Historic cemetery in Summit County, Ohio

Glendale Cemetery is a historic rural cemetery located in Akron, Ohio. It was added to the National Register of Historic Places in 2001.

==History==
Glendale Cemetery was founded in 1839 by Dr. J.D. Commons. Here statues of prominent citizens, an avenue of stately mausoleums and a collection of headstones tell the story of Akron's past. Originally known as Akron Rural Cemetery, Commons modeled the design of the cemetery after Boston's Mount Auburn Cemetery, which he visited in 1838. Glendale is a picturesque romantic landscape with its curving roads, use of promontories to create vistas and a variety of architectural styles that draw upon ancient building forms. Mausoleums are modeled after Egyptian, Greek and Roman temples or Gothic churches. Nineteenth-century accounts described Glendale as "beautifully laid out in romantic drives and walks" and note its role as an area park and tourist destination.

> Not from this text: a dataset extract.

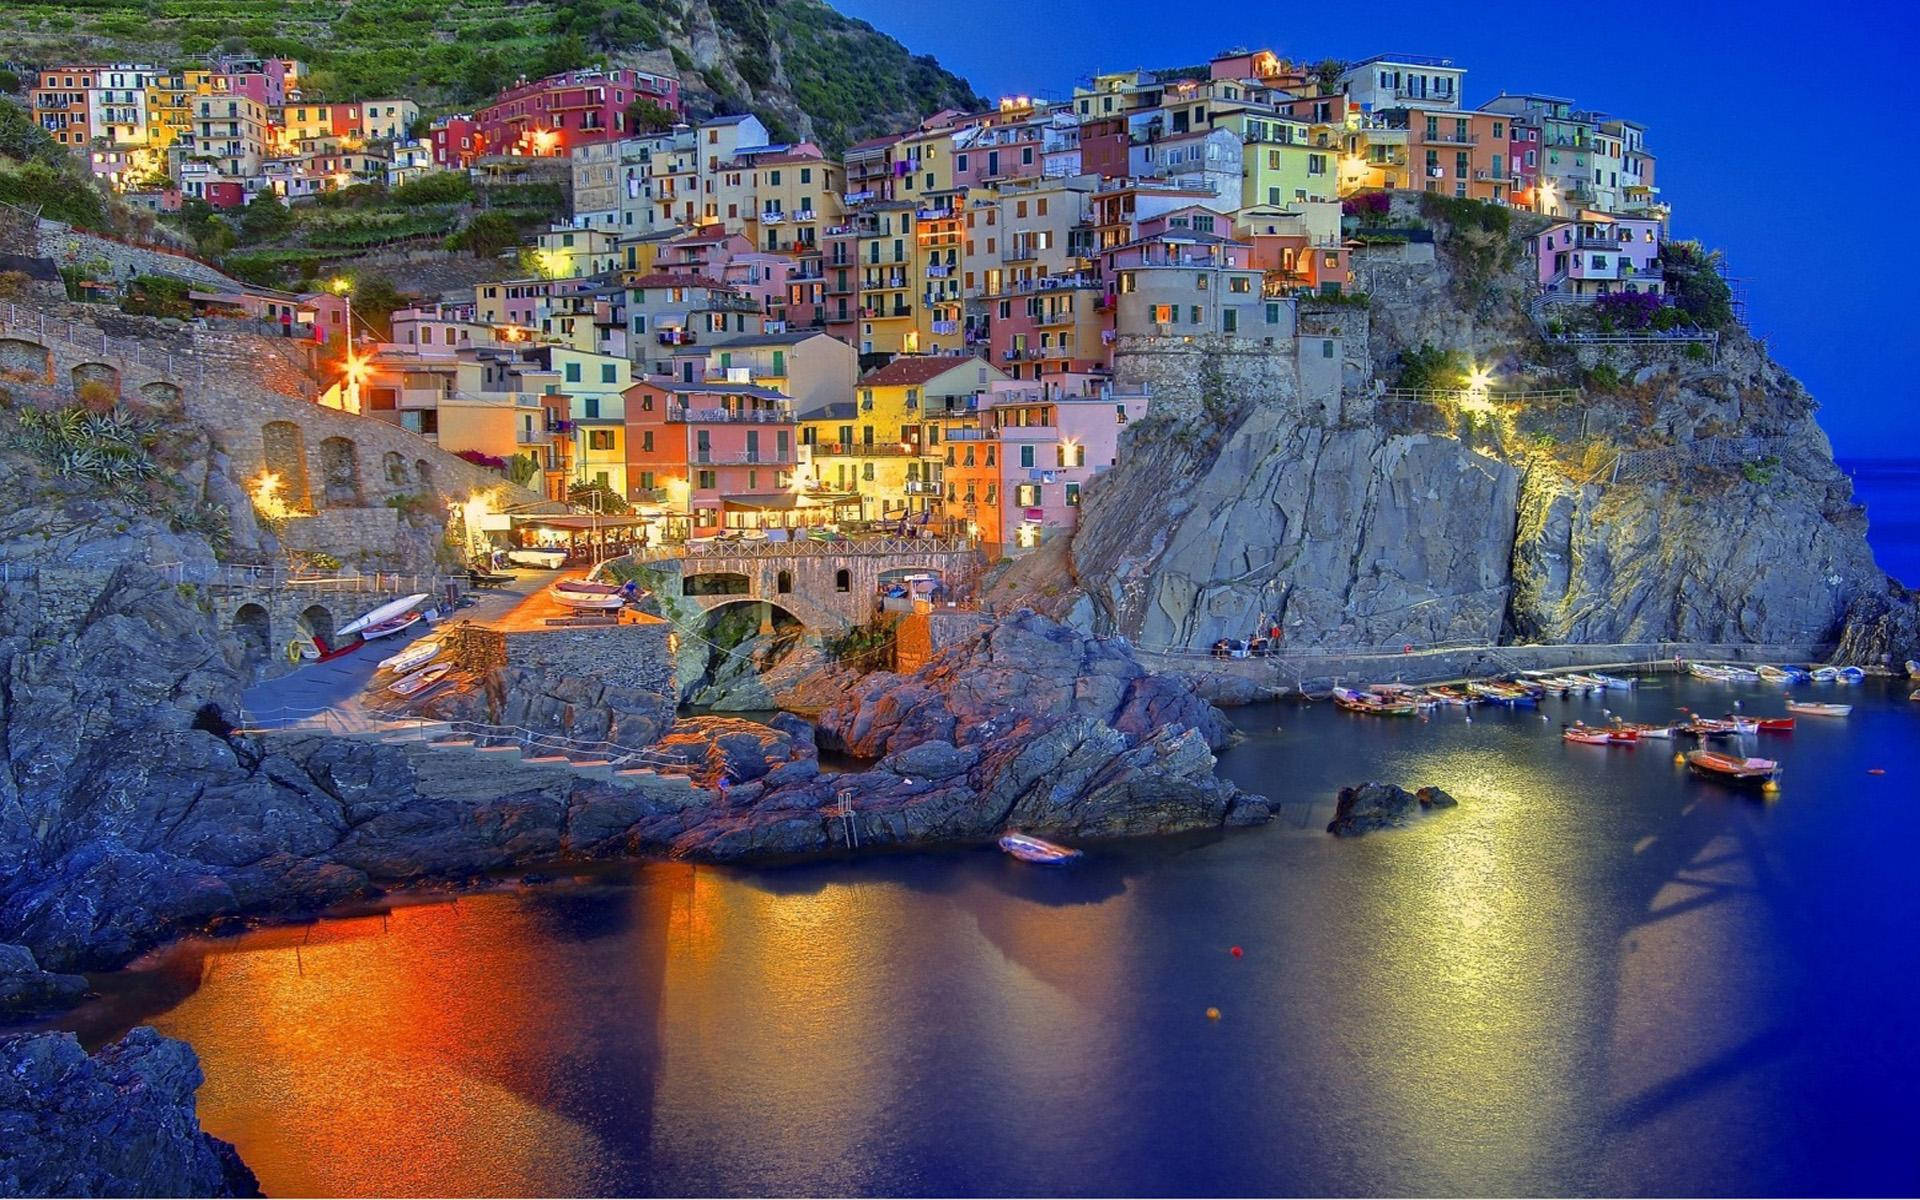 Tải hình nền Capri Ý miễn phí: Capri - hòn đảo nổi tiếng của Ý, với những cảnh quan tuyệt đẹp và phong cảnh nước biển đầy màu sắc. Hãy tải những hình nền Capri Ý miễn phí để mang bầu không khí của đảo đến cho màn hình desktop của bạn.

Originally, the cemetery had a stream and two bodies of water—Willow and Swan Lakes. Due to the increased development surrounding the cemetery during the late 19th century, the natural spring that fed the lakes dried up. The superintendent of the cemetery at that time proposed running a pipe to the Ohio and Erie Canal to re-water the lakes, but this was never realized. Today the open space or Great Meadow recalls the scale of Swan Lake and several mausoleums have small foot bridges that once crossed over the stream fronting them. Distinct sections of the cemetery are devoted to the Masons, Akron's Jewish community and infants and children. The Civil War is prominently commemorated in Glendale Cemetery. The Buckley Post of the Union Army has a large memorial marker surrounded by 50 headstones located on the northern plateau. The 1876 Gothic Revival style Memorial Chapel was constructed by the Buckley Post and has been recently restored.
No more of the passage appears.